INTERNATONAL ARTS ENTREPENUER 

“ART IS FOR EVERYONE”

Soprano Mary Grogan is a passionate advocate for the arts, with the lifelong dream of bringing opera to the masses. She is the founder and general director of two successful nonprofit arts organizations- the ÓperaMaya Foundation which since 2010 has brought opera free of charge to the Yucatán Peninsula through its cultural festival entitled, the OperaMaya International Summer Music Festival, regional workshops, composition competitions, young artist training programs, concert series and sister festival, the Viva! Maya Culture Festival held in Bloomington, Indiana since 2017. Her newest project, Nantahala Opera, of the Western Carolina Great Smokie Mountains builds on the successful nonprofit model she developed with OperaMaya to reach the underserved populations of her native North Carolina and Eastern Tennessee.

Former Artistic Director of the State Symphony Orchestra of Quintana Roo, Mexico,  and professor of Voice at Indiana Wesleyan University, she remains a much sought-after vocal clinician, speaker, teacher, and performer.  

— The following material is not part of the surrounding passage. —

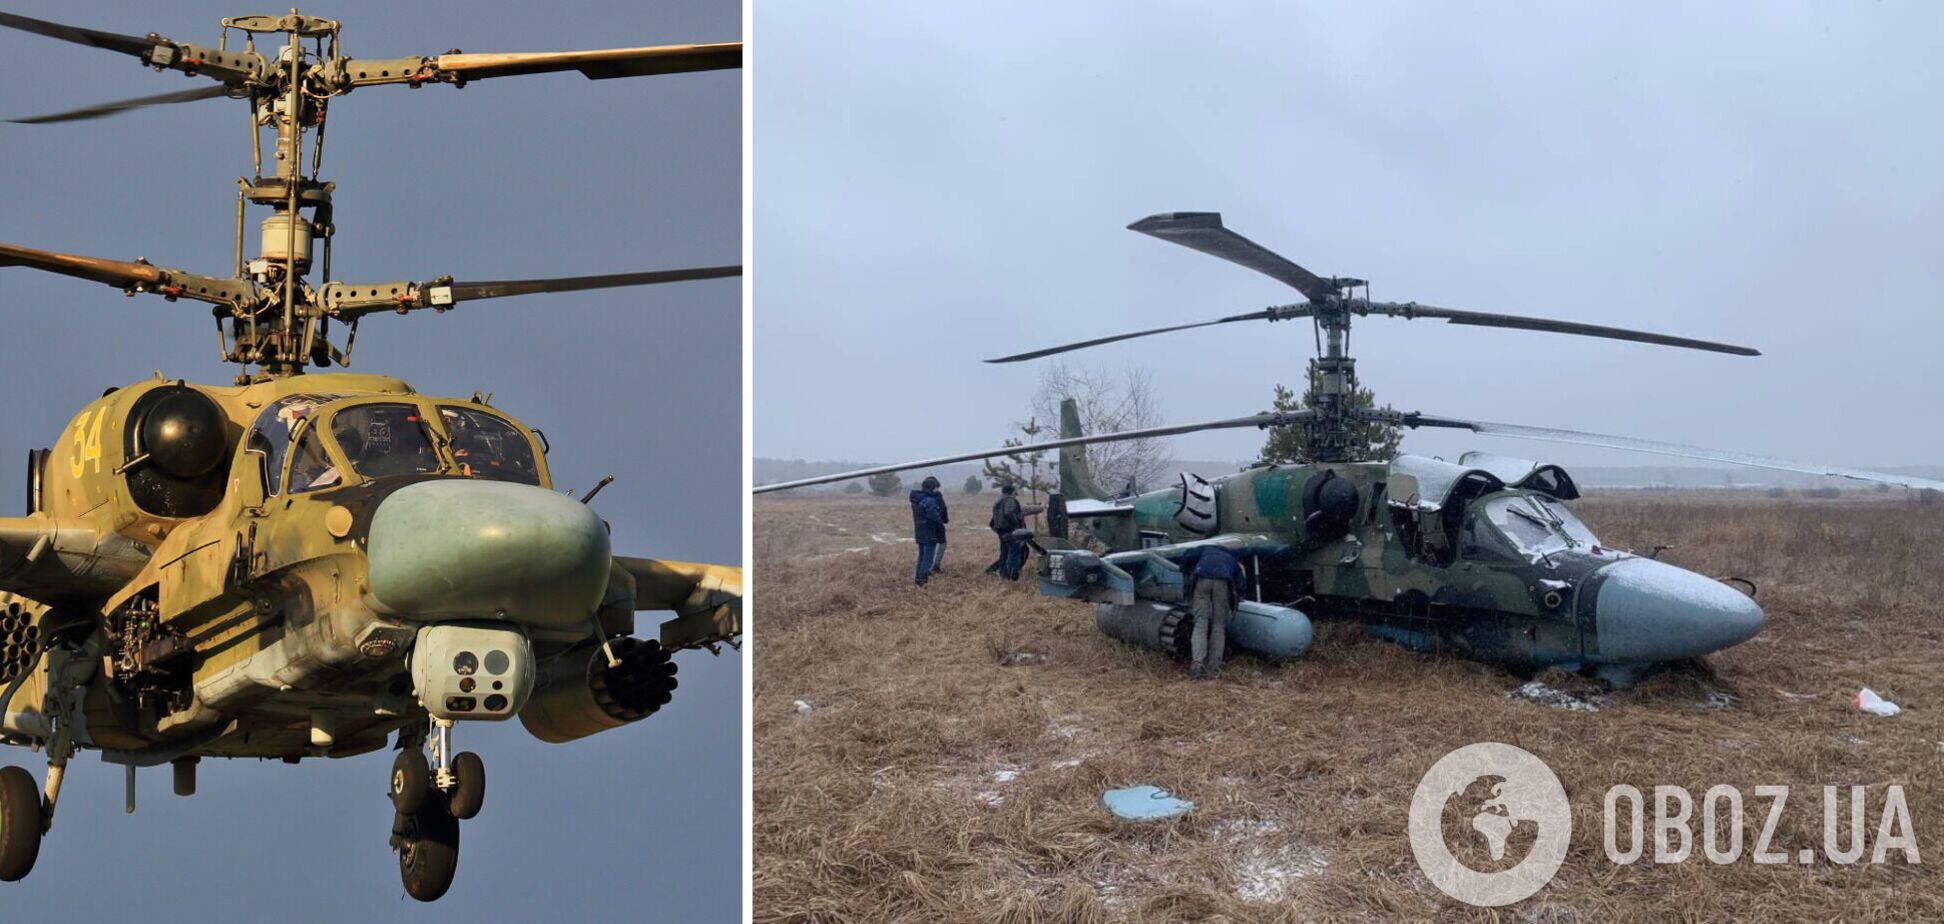 ВСУ в Донецкой области сбили российский вертолет Ка-52 стоимостью около $16 млн

Perhaps best known for her work joining government and private sectors to promote and enrich the musical culture throughout the Yucatán Peninsula while developing sustainable cultural tourism strategies used in defense of the Maya culture and language, Ms. Grogan's international portfolio career makes her a pioneer in the field of musical entrepreneurship.

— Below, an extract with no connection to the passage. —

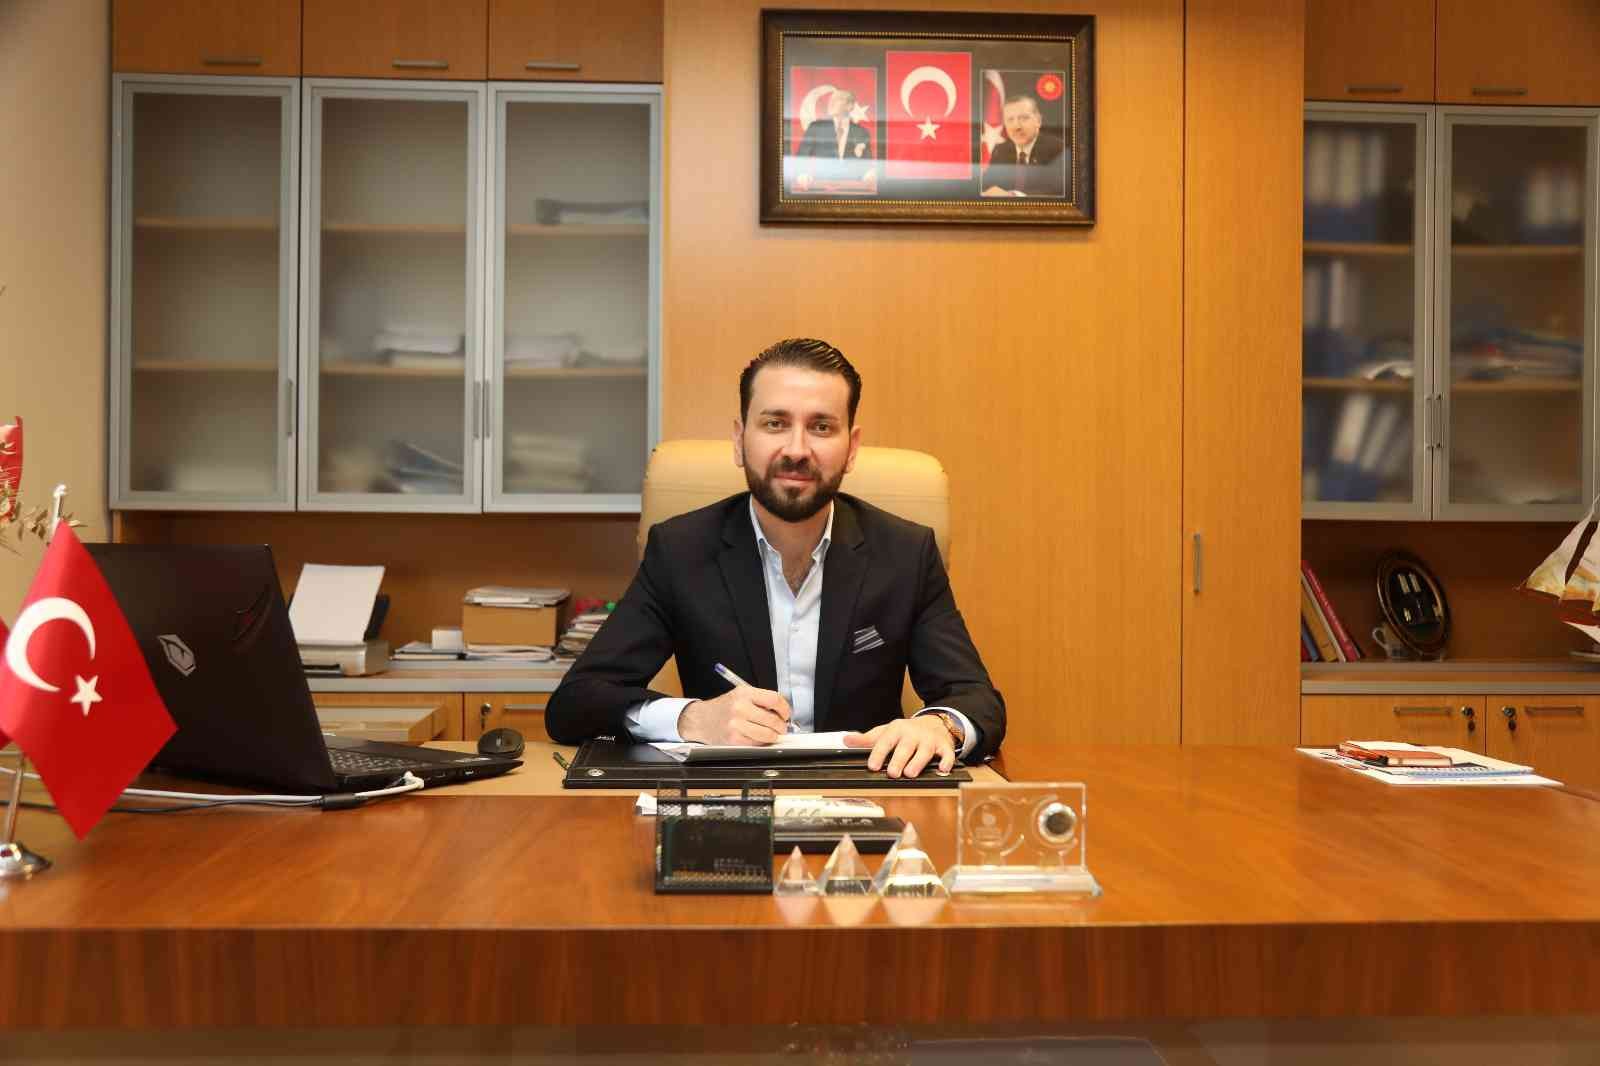 Darıca Belediyesi’nde yeni başkan yardımcısı görevine başladı #kocaeli

Winning an Independent Artist federal grant from Americans for the Arts and a host of awards ranging from Distinguished Alumnus of the School of Music at the University of South Florida to Recognition of Cultural Advancement Honors from the states of Quintana Roo, Yucatán, and Campeche, Mexico. Ms. Grogan divides her time between Mexico and the United States, where she further divides herself between Bloomington, Indiana, serving as an Advisory Council Member for the Arts Alliance of Greater Bloomington, and Bryson City, North Carolina, in the heart of the Great Smoky Mountains, Nantahala National Forest, where she resides in the house she helped her grandfather build when she was only five years old. Two miles from the Appalachian Trail, she enjoys white-water rafting, hiking, tubing, gardening, and spending time with family and friends.